[[ THE INPUT open ]]

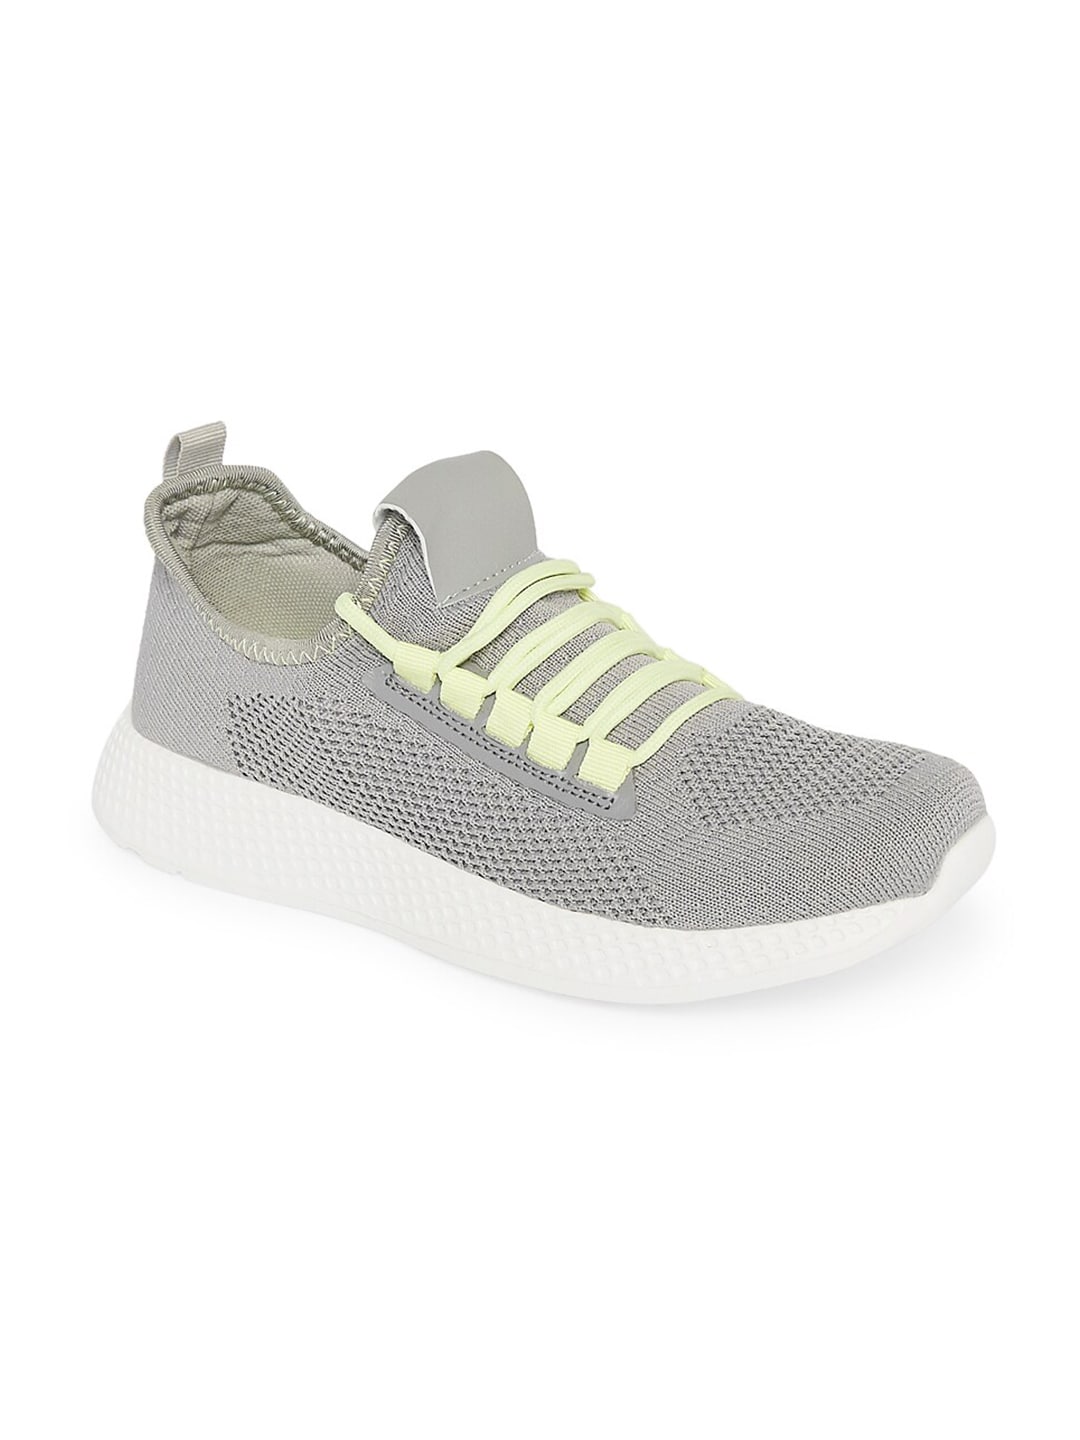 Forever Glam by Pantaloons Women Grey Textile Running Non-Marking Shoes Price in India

[[ THE INPUT closed ]]
[[ THE INPUT open ]]

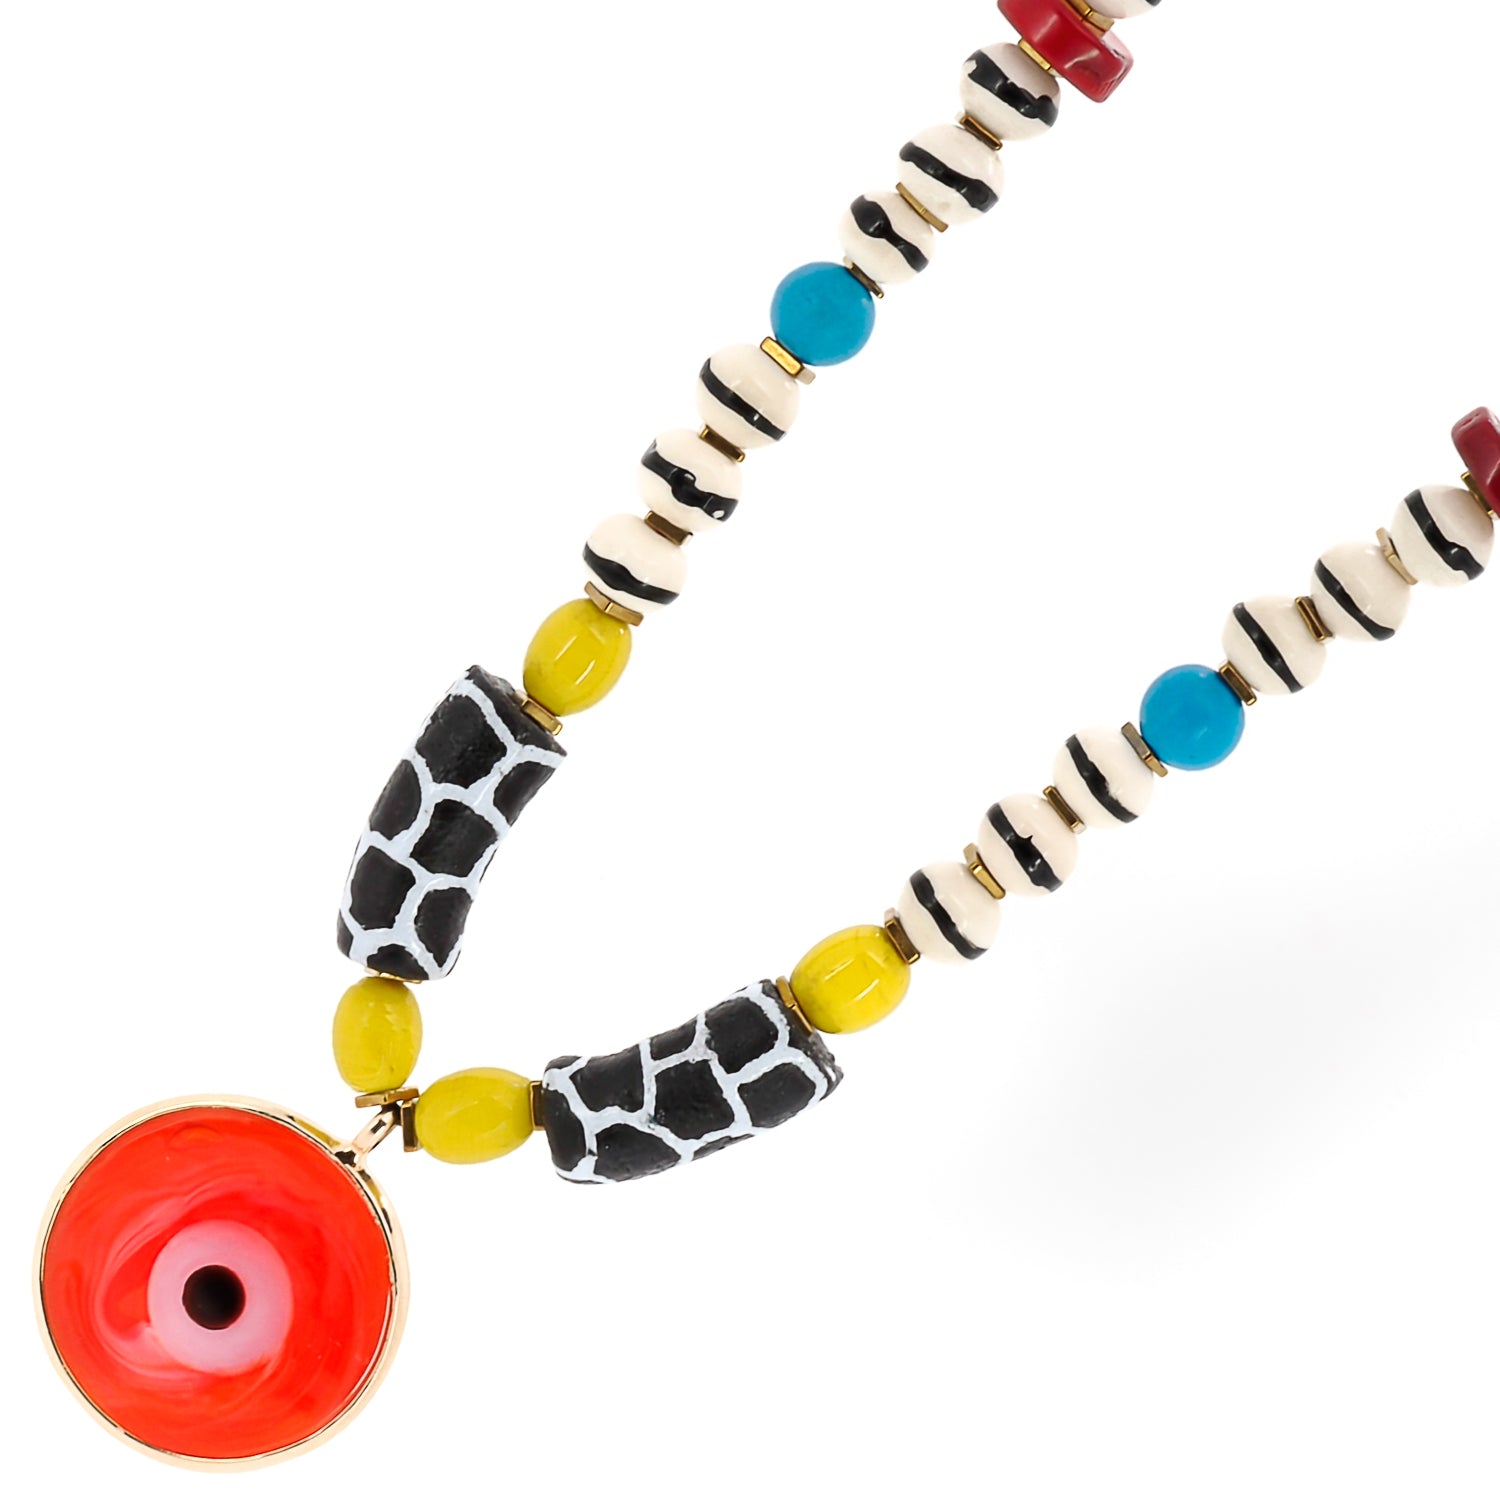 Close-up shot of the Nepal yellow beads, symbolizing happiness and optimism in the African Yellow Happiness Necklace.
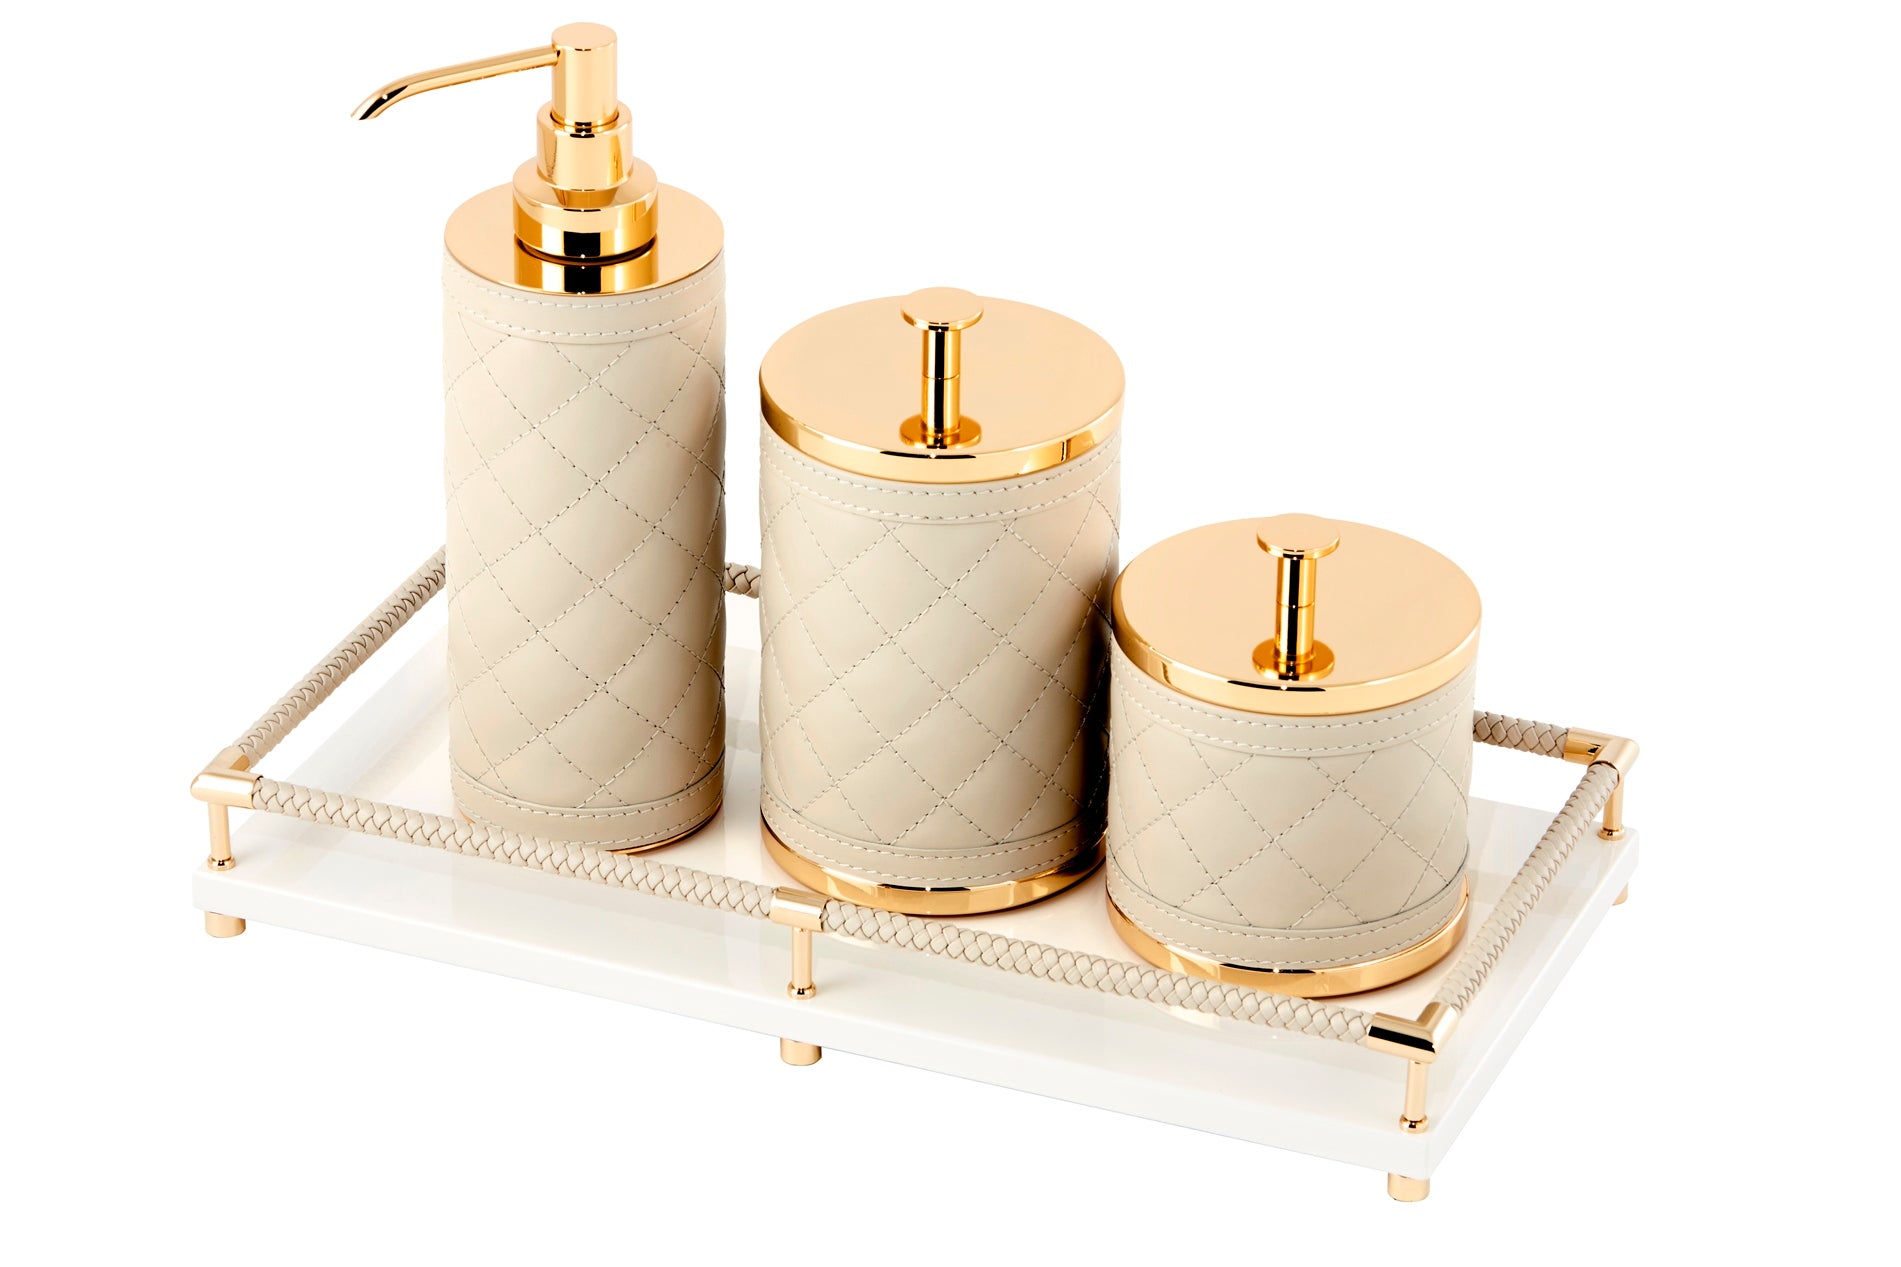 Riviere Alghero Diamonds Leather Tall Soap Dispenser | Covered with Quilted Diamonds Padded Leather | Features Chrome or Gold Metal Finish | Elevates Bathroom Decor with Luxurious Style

[[ THE INPUT closed ]]

TRY IT ::
Please repeat, exactly as written, the lines in the records above, starting with the one that has "Close-up shot of" and going on through the one that has "Riviere Alghero Diamonds". Pictures are to be left out.

EXERCISE SOLUTION ::
 Close-up shot of the Nepal yellow beads, symbolizing happiness and optimism in the African Yellow Happiness Necklace.
 Riviere Alghero Diamonds Leather Tall Soap Dispenser | Covered with Quilted Diamonds Padded Leather | Features Chrome or Gold Metal Finish | Elevates Bathroom Decor with Luxurious Style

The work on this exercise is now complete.